ACTIVITY:
The pictures are to be left out when the listing below is reproduced word for word.

SOURCE DATA section start

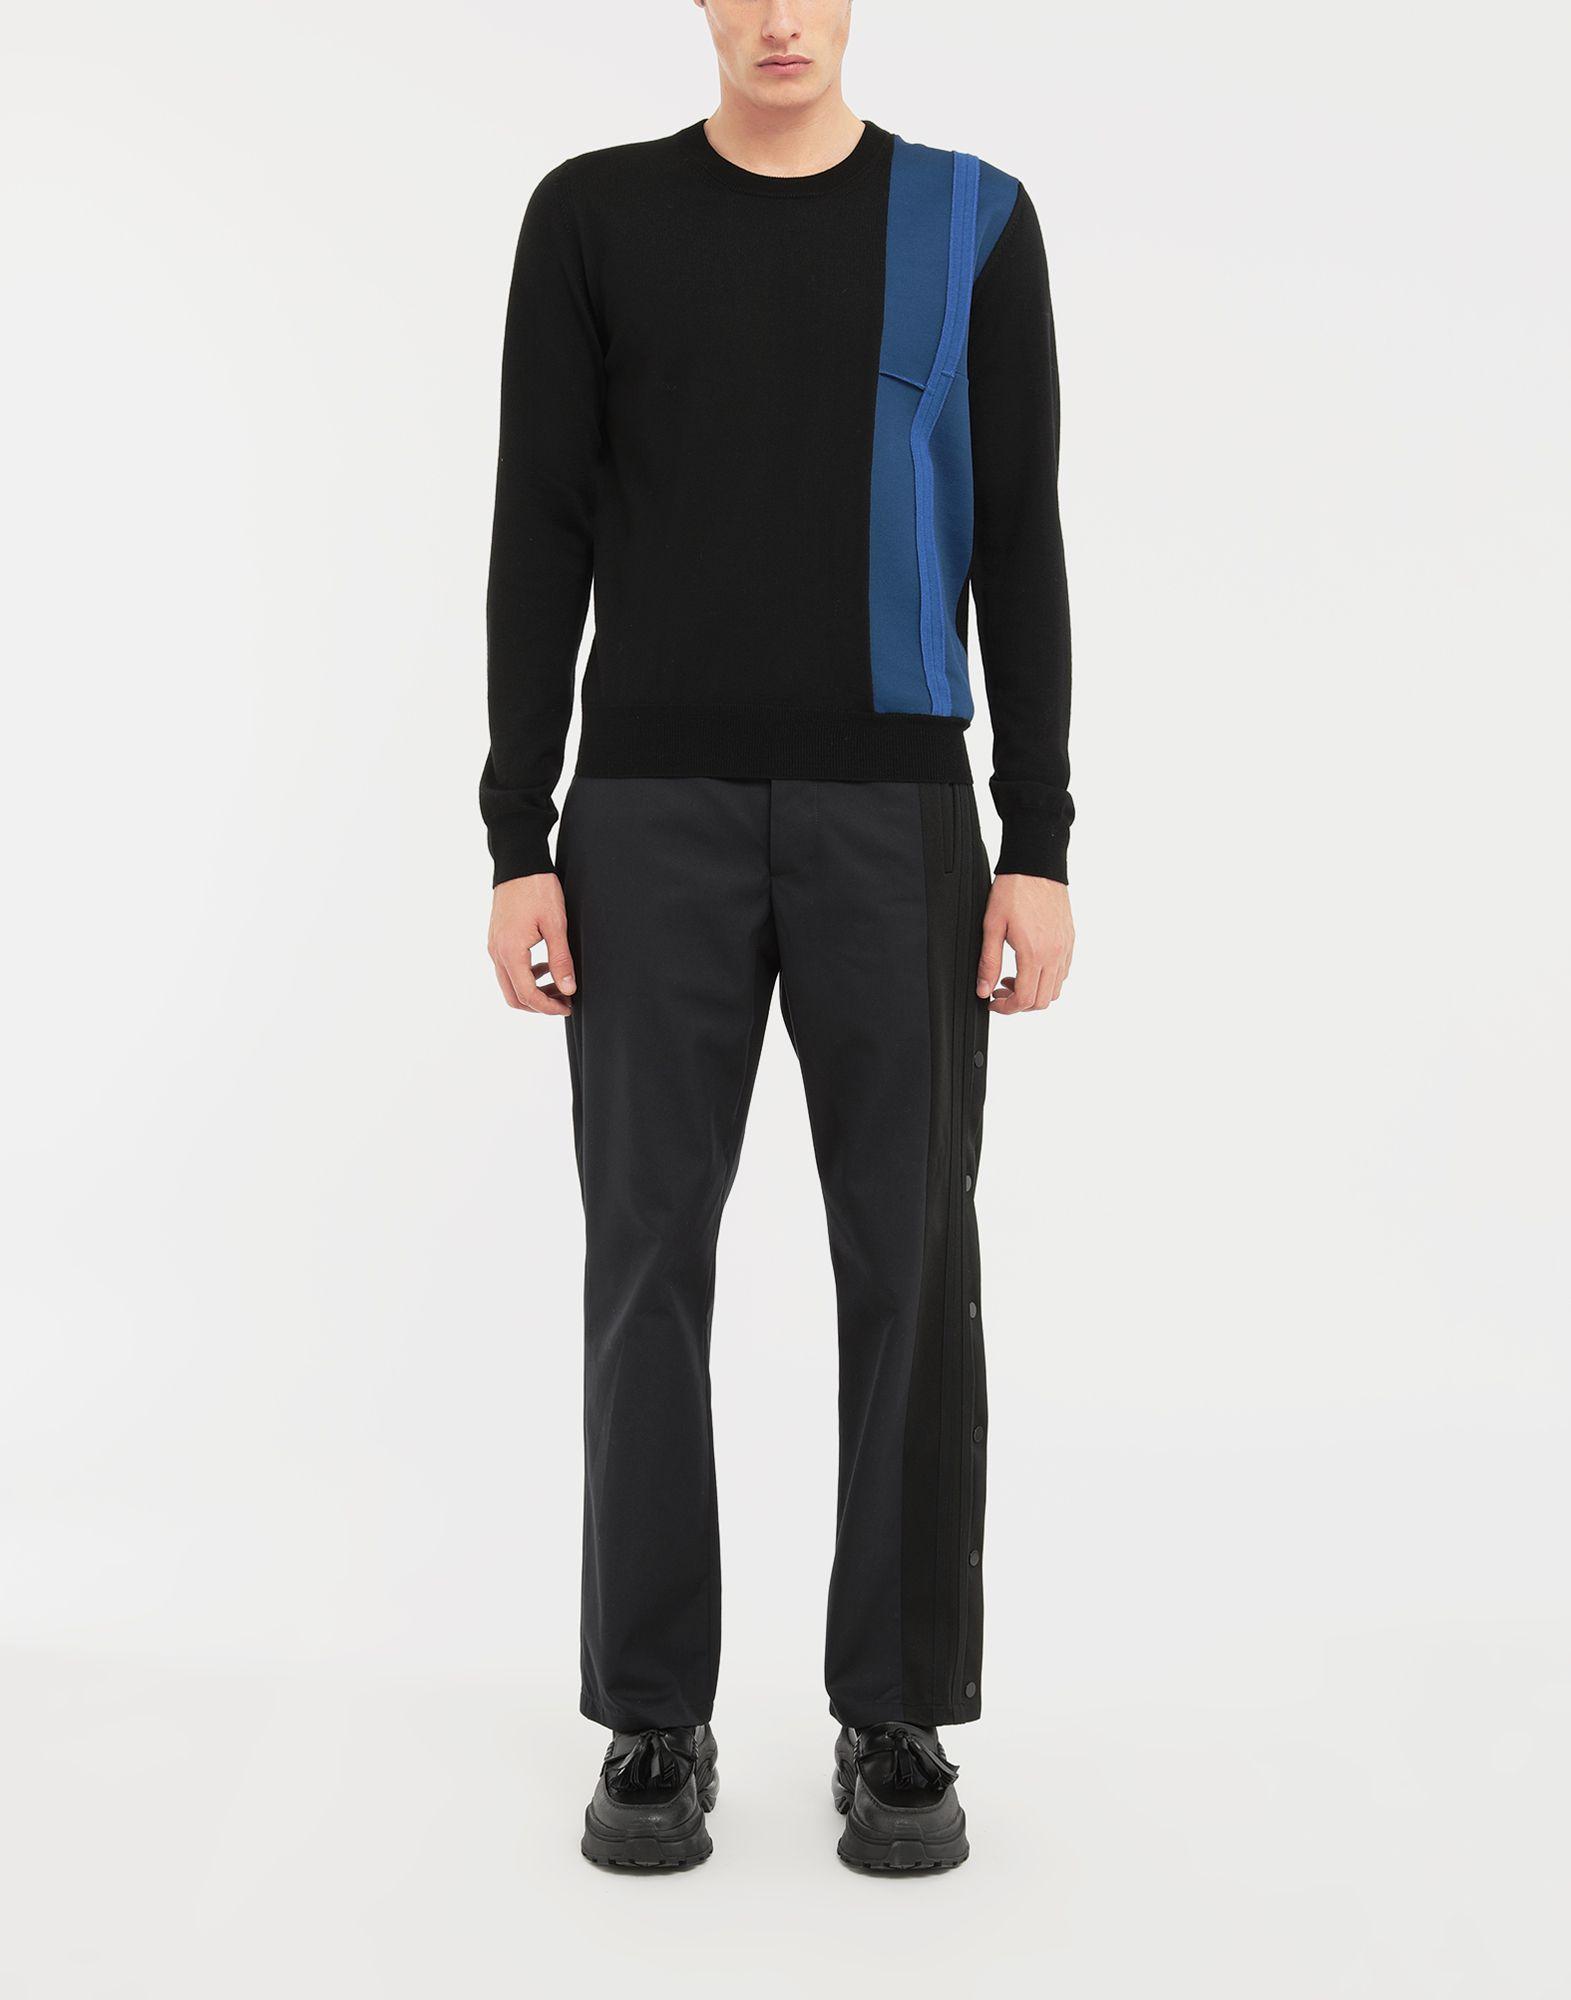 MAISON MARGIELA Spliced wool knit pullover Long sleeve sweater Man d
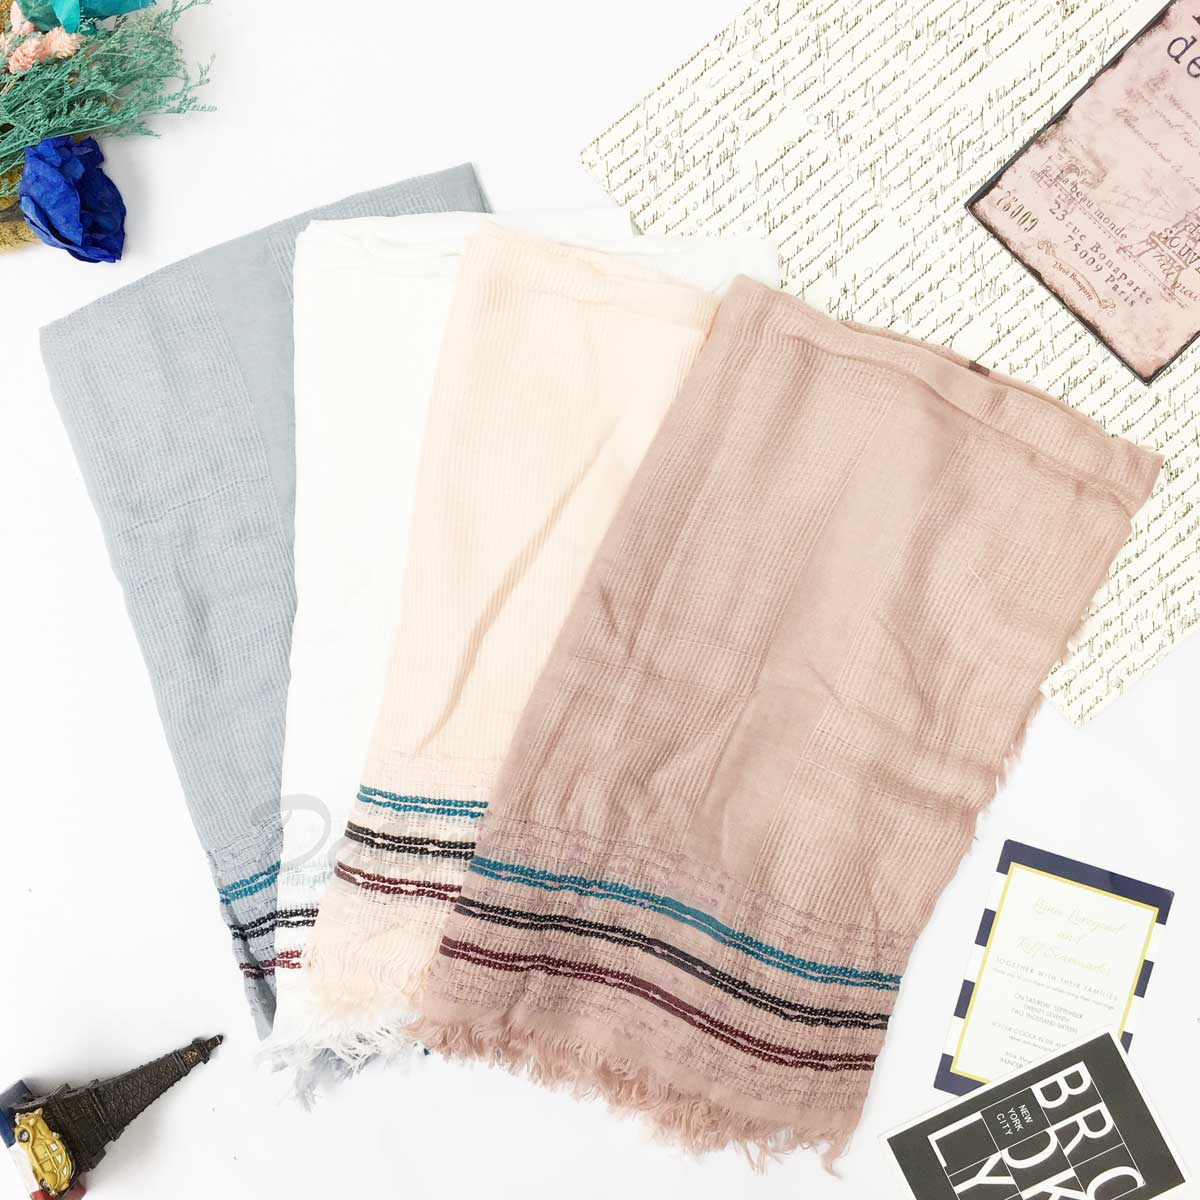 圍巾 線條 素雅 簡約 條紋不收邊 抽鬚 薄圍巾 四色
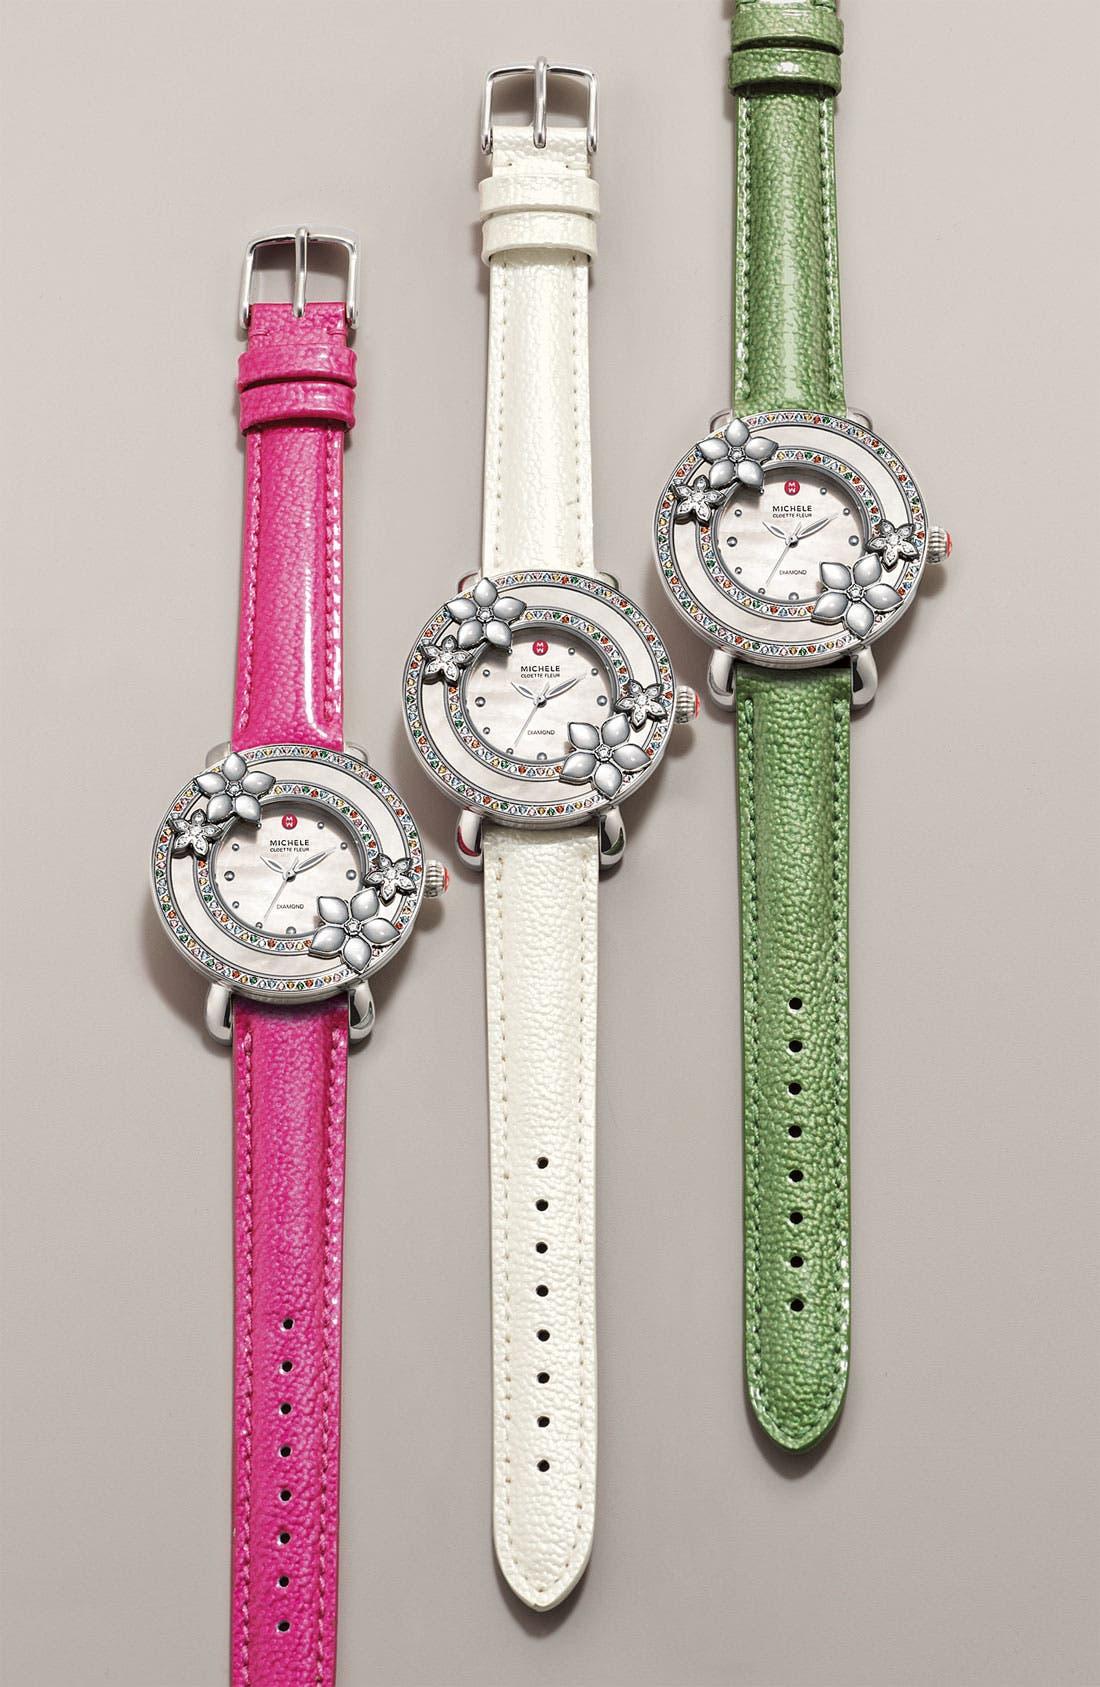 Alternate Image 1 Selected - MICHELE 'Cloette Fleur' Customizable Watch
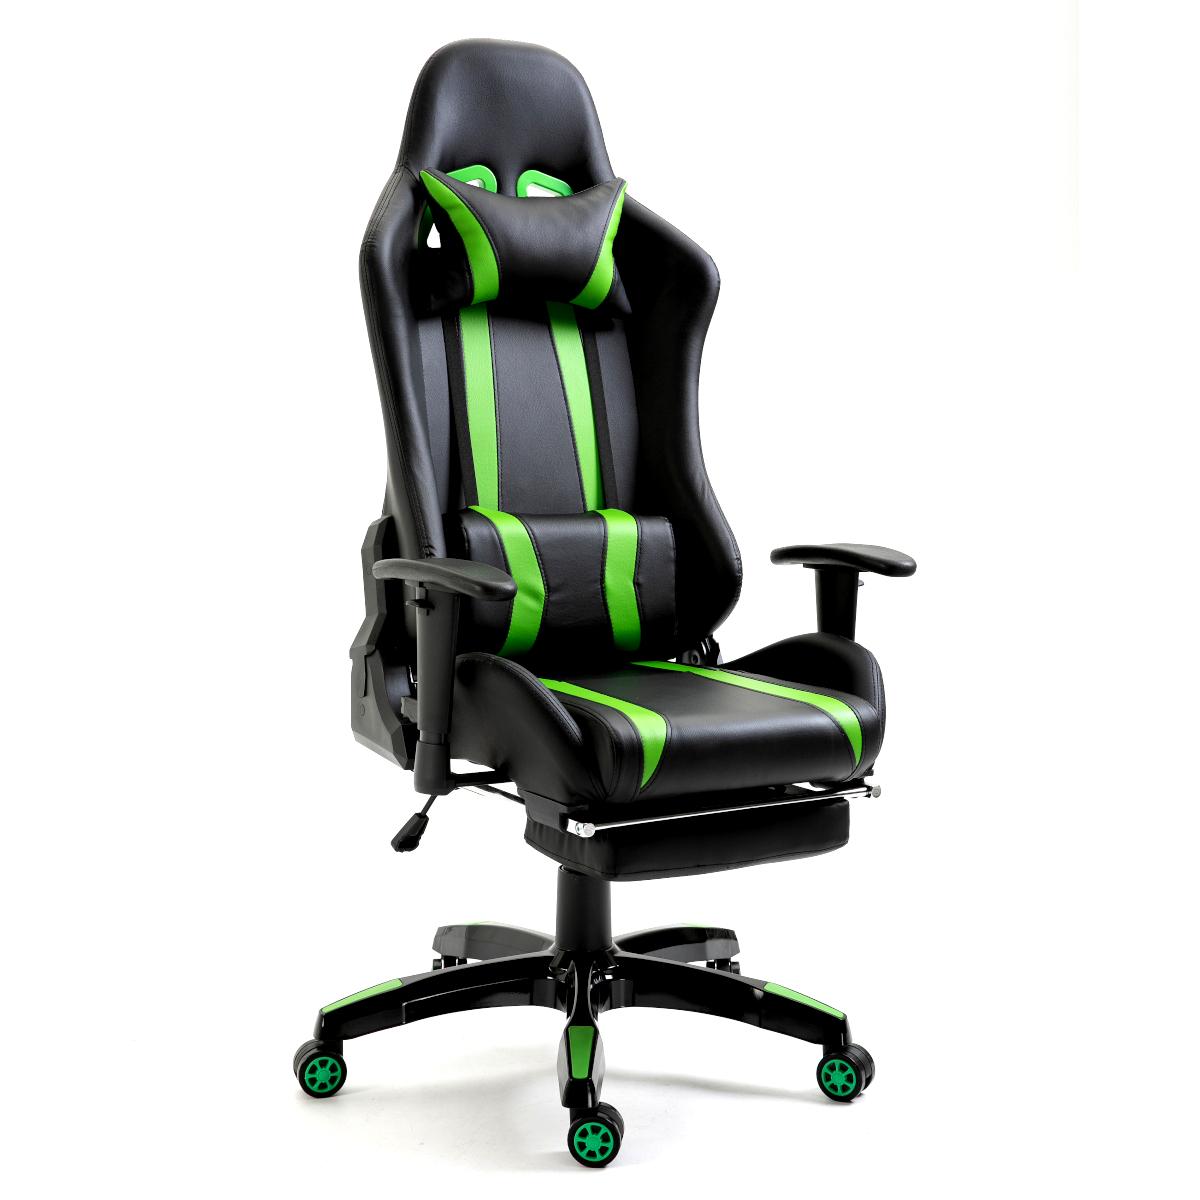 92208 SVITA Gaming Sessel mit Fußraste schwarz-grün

SOURCE DATA section end

ANSWER TO THIS TASK:
 MAISON MARGIELA Spliced wool knit pullover Long sleeve sweater Man d
 圍巾 線條 素雅 簡約 條紋不收邊 抽鬚 薄圍巾 四色
 Alternate Image 1 Selected - MICHELE 'Cloette Fleur' Customizable Watch
 92208 SVITA Gaming Sessel mit Fußraste schwarz-grün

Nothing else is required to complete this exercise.